Записка о вспомогательном расследовании указывала, что банк и автосервис находились на расстоянии пешего перехода от кампуса. Детективы трижды прошли по маршруту, которым могла двигаться Лофтон, но не обнаружили ни одного свидетеля, ее запомнившего. Несмотря на все доводы, теория, которой придерживался мой брат и приведенная в другой записке о вспомогательном расследовании, гласила: Тереза Лофтон пропала в интервале после звонка механику, сделанного из детского сада, и до момента предполагаемого посещения банка, где ей следовало взять деньги для оплаты автосервиса.
В папке находилась также и хронология деятельности всей группы, назначенной для расследования по этому делу.

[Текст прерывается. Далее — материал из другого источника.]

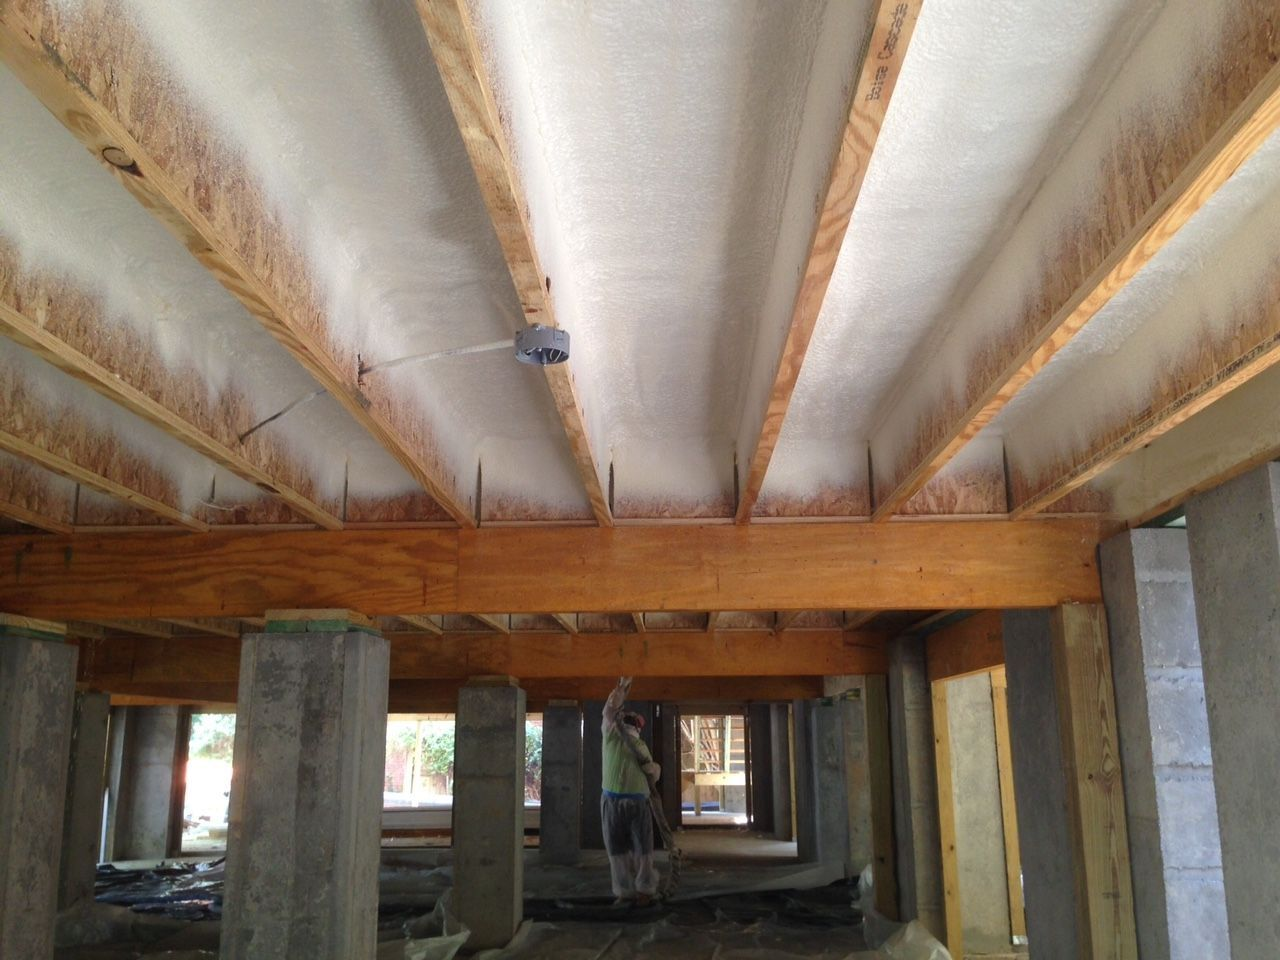 Insulation Basement Ceiling Wiring Spray For Ideas Rh Pinterest Co Uk With Vapor

Сначала четверо полицейских работали по делу полный день, с утра до вечера. Когда продвижение замедлилось и открылись новые дела, основные следственные действия совершали двое — Шон и Векслер.
Затем остался один Шон. Он не мог прекратить дело. Последнюю запись внесли в следственный журнал в день смерти Шона. Она занимала всего одну строку: «13 марта. РЭШЕР в „Стенли“. П/Д, инф. относительно Терри».
— Заканчивай, время.
Оторвавшись от бумаг, я увидел, как Векслер показывает на часы. Без ропота я закрыл папку.
— Что означает «Пэдэ»?
— Персональный доклад. Думаю, был звонок по телефону.
— Кто такой РЭШЕР?
— Этого мы не знаем. В телефонной книге нашлась пара созвучных фамилий. Мы вызвали этих людей, однако они не имели понятия, чего мы хотим добиться. Я пытался привлечь кое-каких спецов. Но, имея только фамилию, они просто не могли работать. Наконец, мы даже не знали, кто это был или есть. Мужчина это или женщина. Встречался ли с ним Шон или нет. И мы не нашли никого, ни в «Стенли», ни около, кто бы его видел.
— Зачем идти на встречу, не говоря ничего вам и не оставив никакой записки — куда и к кому он идет? И почему он отправился туда один?
— Кто знает? По этому делу мы получали столько звонков, что можно было записывать их целыми днями. Да он мог и не знать. Возможно, все, что он выяснил, — кто-то хочет с ним встретиться. Твой брат сильно на этом зациклился и мог пойти на встречу с любым — заяви тот, что имеет информацию по делу Лофтон. Пожалуй, открою тебе один секрет. Кое-чего здесь нет: просто Шону не хотелось, чтобы о нем говорили как о сумасшедшем. Но он ходил к парапсихологу. К медиуму, письмо которого есть в деле.
— И что он там накопал?
— Ничего. Какое-то дерьмо о том, что убийца рядом и он собирается сделать это снова. Впрочем, я думаю, так оно и есть... Ну, кроме шуток, судя по наколкам. В любом случае этого не будет в записях... всего, что касается парапсихолога. Не хочу, чтобы люди считали Мака психом.
Недоставало только рассуждать об идиотизме всего, только что мной услышанного. Брат застрелился, а Векслер еще пытается оградить его образ от посягательств из-за того, что люди узнают о контакте Шона с парапсихологом.
— Это не выйдет за пределы комнаты, — произнес я вслух. Помолчав немного, я добавил: — Так что ты сам думаешь насчет его последнего дня? Какова твоя версия? Не для записи, конечно.
— Моя версия? Она состоит в том, что Шон приехал туда, и, кто бы ни вызвал его на встречу, он так и не появился. Еще один тупик, и эта капля переполнила сосуд терпения. Он поехал к озеру и сделал то, что сделал... А ты действительно собираешься об этом написать?
— Не знаю. Просто думаю.
— Видишь ли, я не знал, как сказать, и все же теперь придется. Он был твоим братом, но также — моим другом. Я правда мог знать его ближе, чем ты. Оставь это. Пусть идет как идет.
Ответив, что подумаю, я сделал это лишь для того, чтобы он успокоился. Я уже все решил. Выйдя от Векса, я взглянул на часы, удостоверяясь: времени хватит, чтобы приехать в Эстес-парк до темноты.